In the univariate normal distribution, we test $$H_0: \mu =\mu_0$$ by using

$T = \frac{\bar{y}- \mu_0}{s/\sqrt{n}} \sim t_{n-1}$

under the null hypothesis. And reject the null if $$|T|$$ is large relative to $$t_{(1-\alpha/2,n-1)}$$ because it means that seeing a value as large as what we observed is rare if the null is true

Equivalently,

$T^2 = \frac{(\bar{y}- \mu_0)^2}{s^2/n} = n(\bar{y}- \mu_0)(s^2)^{-1}(\bar{y}- \mu_0) \sim f_{(1,n-1)}$

#### 21.0.2.1Natural Multivariate Generalization

$H_0: \mathbf{\mu} = \mathbf{\mu}_0 \\ H_a: \mathbf{\mu} \neq \mathbf{\mu}_0$

Define Hotelling’s $$T^2$$ by

$T^2 = n(\bar{\mathbf{y}} - \mathbf{\mu}_0)'\mathbf{S}^{-1}(\bar{\mathbf{y}} - \mathbf{\mu}_0)$

which can be viewed as a generalized distance between $$\bar{\mathbf{y}}$$ and $$\mathbf{\mu}_0$$

Under the assumption of normality,

$F = \frac{n-p}{(n-1)p} T^2 \sim f_{(p,n-p)}$

and reject the null hypothesis when $$F > f_{(1-\alpha, p, n-p)}$$

• The $$T^2$$ test is invariant to changes in measurement units.

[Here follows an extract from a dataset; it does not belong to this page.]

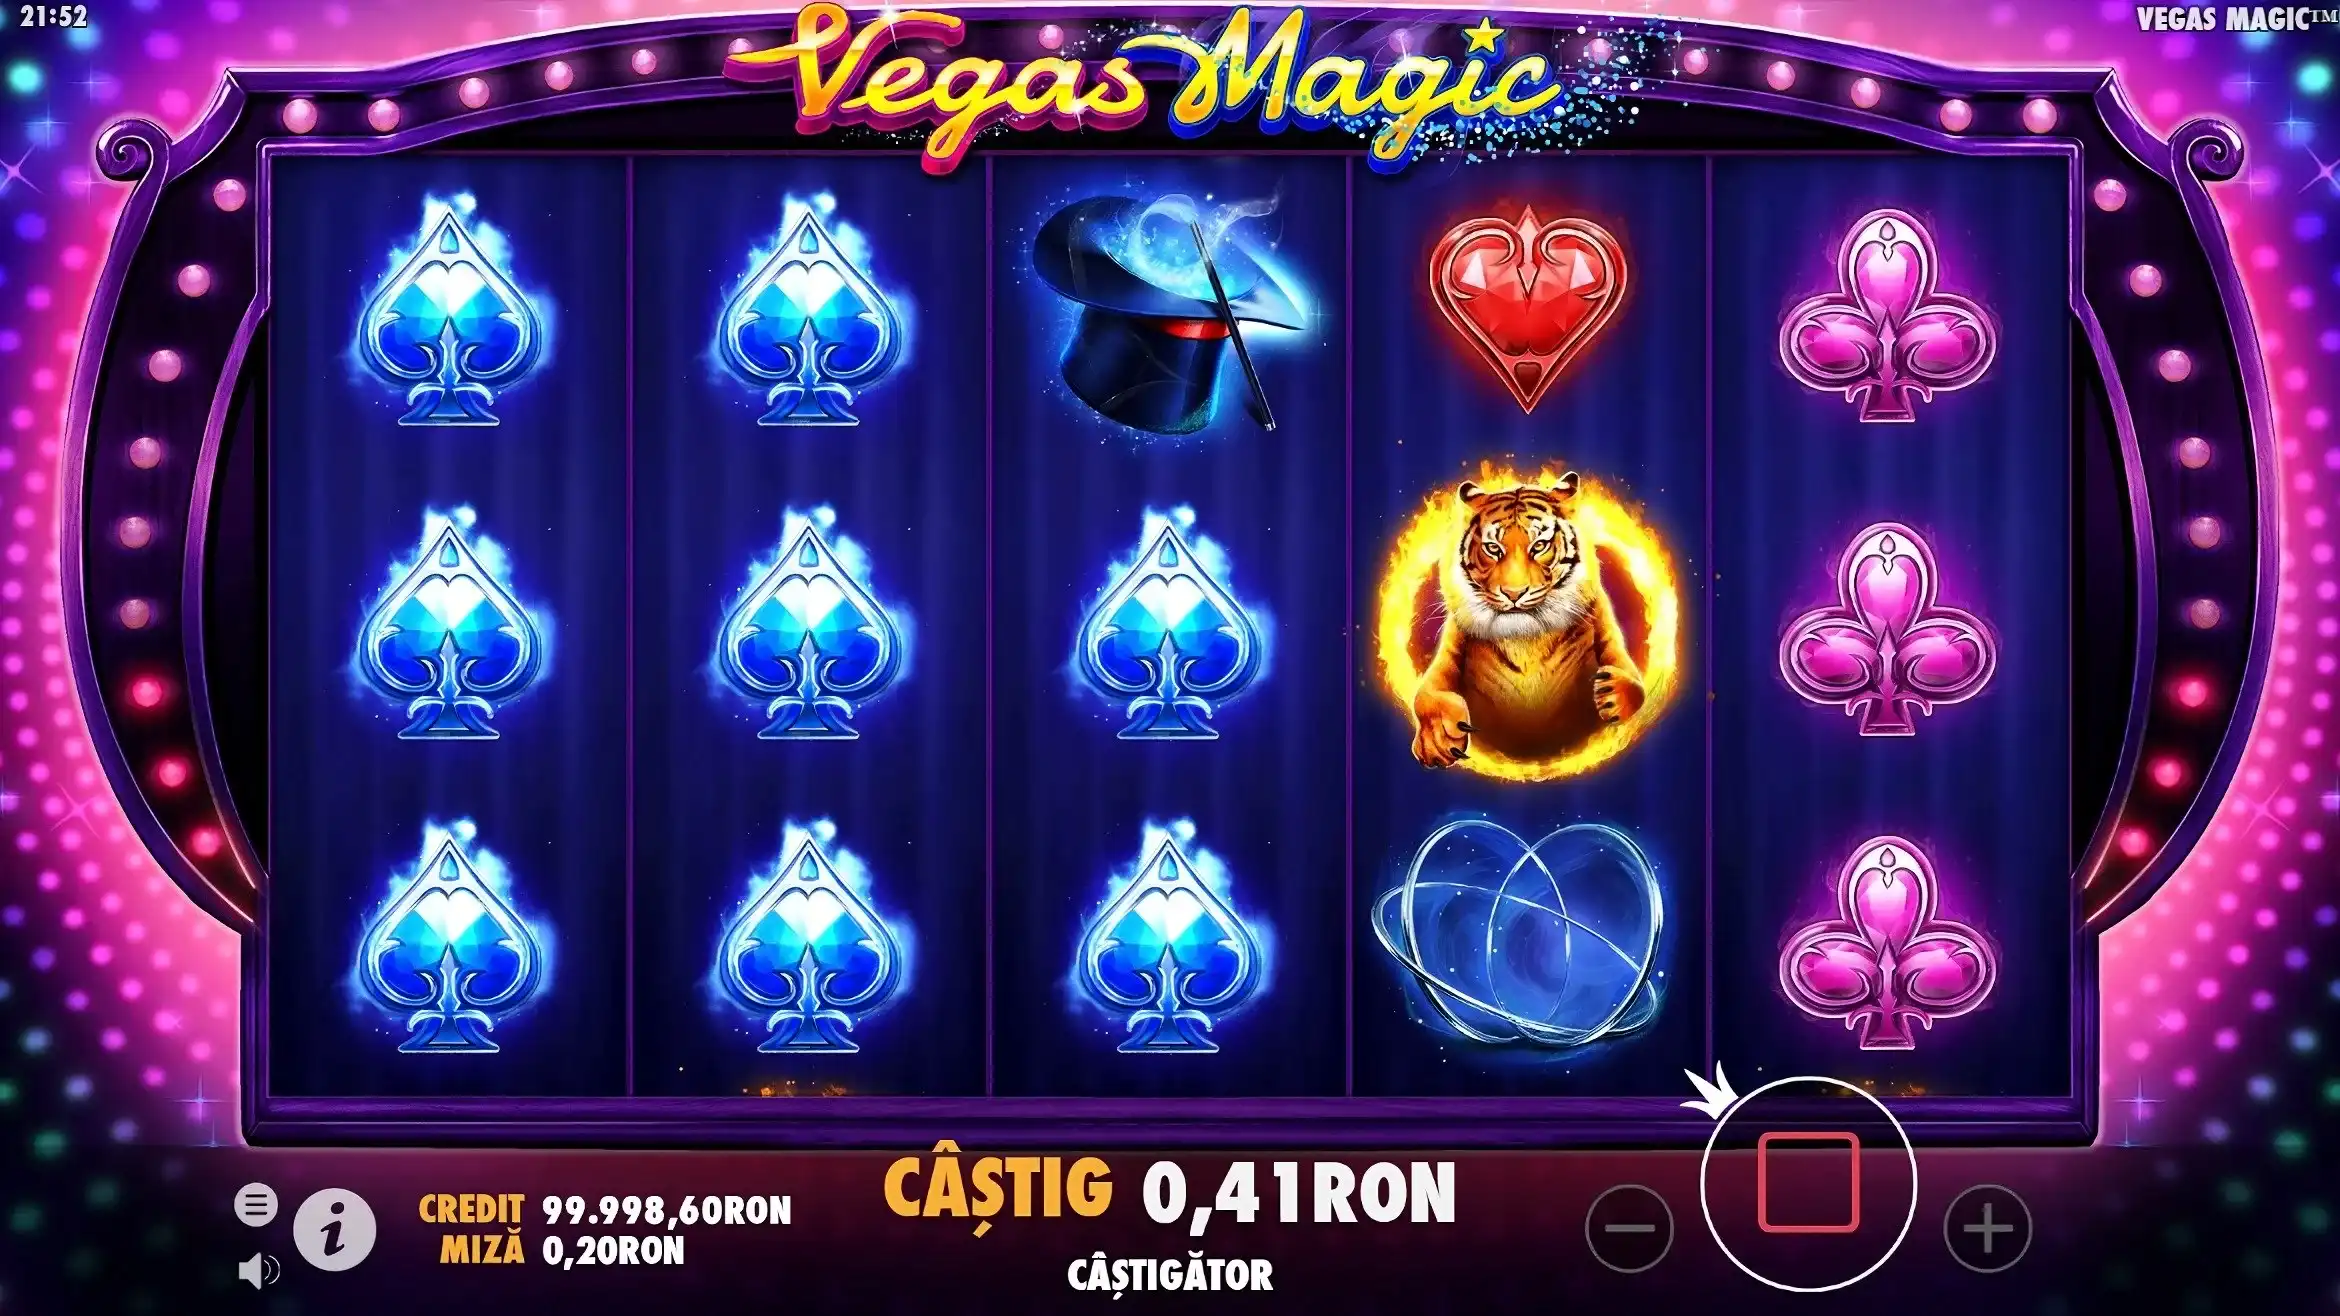 Castig Vegas Magic

• If $$\mathbf{z = Cy + d}$$ where $$\mathbf{C}$$ and $$\mathbf{d}$$ do not depend on $$\mathbf{y}$$, then $$T^2(\mathbf{z}) - T^2(\mathbf{y})$$
• The $$T^2$$ test can be derived as a likelihood ratio test of $$H_0: \mu = \mu_0$$

#### 21.0.2.2 Confidence Intervals

##### 21.0.2.2.1 Confidence Region

An “exact” $$100(1-\alpha)\%$$ confidence region for $$\mathbf{\mu}$$ is the set of all vectors, $$\mathbf{v}$$, which are “close enough” to the observed mean vector, $$\bar{\mathbf{y}}$$ to satisfy

$n(\bar{\mathbf{y}} - \mathbf{\mu}_0)'\mathbf{S}^{-1}(\bar{\mathbf{y}} - \mathbf{\mu}_0) \le \frac{(n-1)p}{n-p} f_{(1-\alpha, p, n-p)}$

• $$\mathbf{v}$$ are just the mean vectors that are not rejected by the $$T^2$$ test when $$\mathbf{\bar{y}}$$ is observed.

In case that you have 2 parameters, the confidence region is a “hyper-ellipsoid.”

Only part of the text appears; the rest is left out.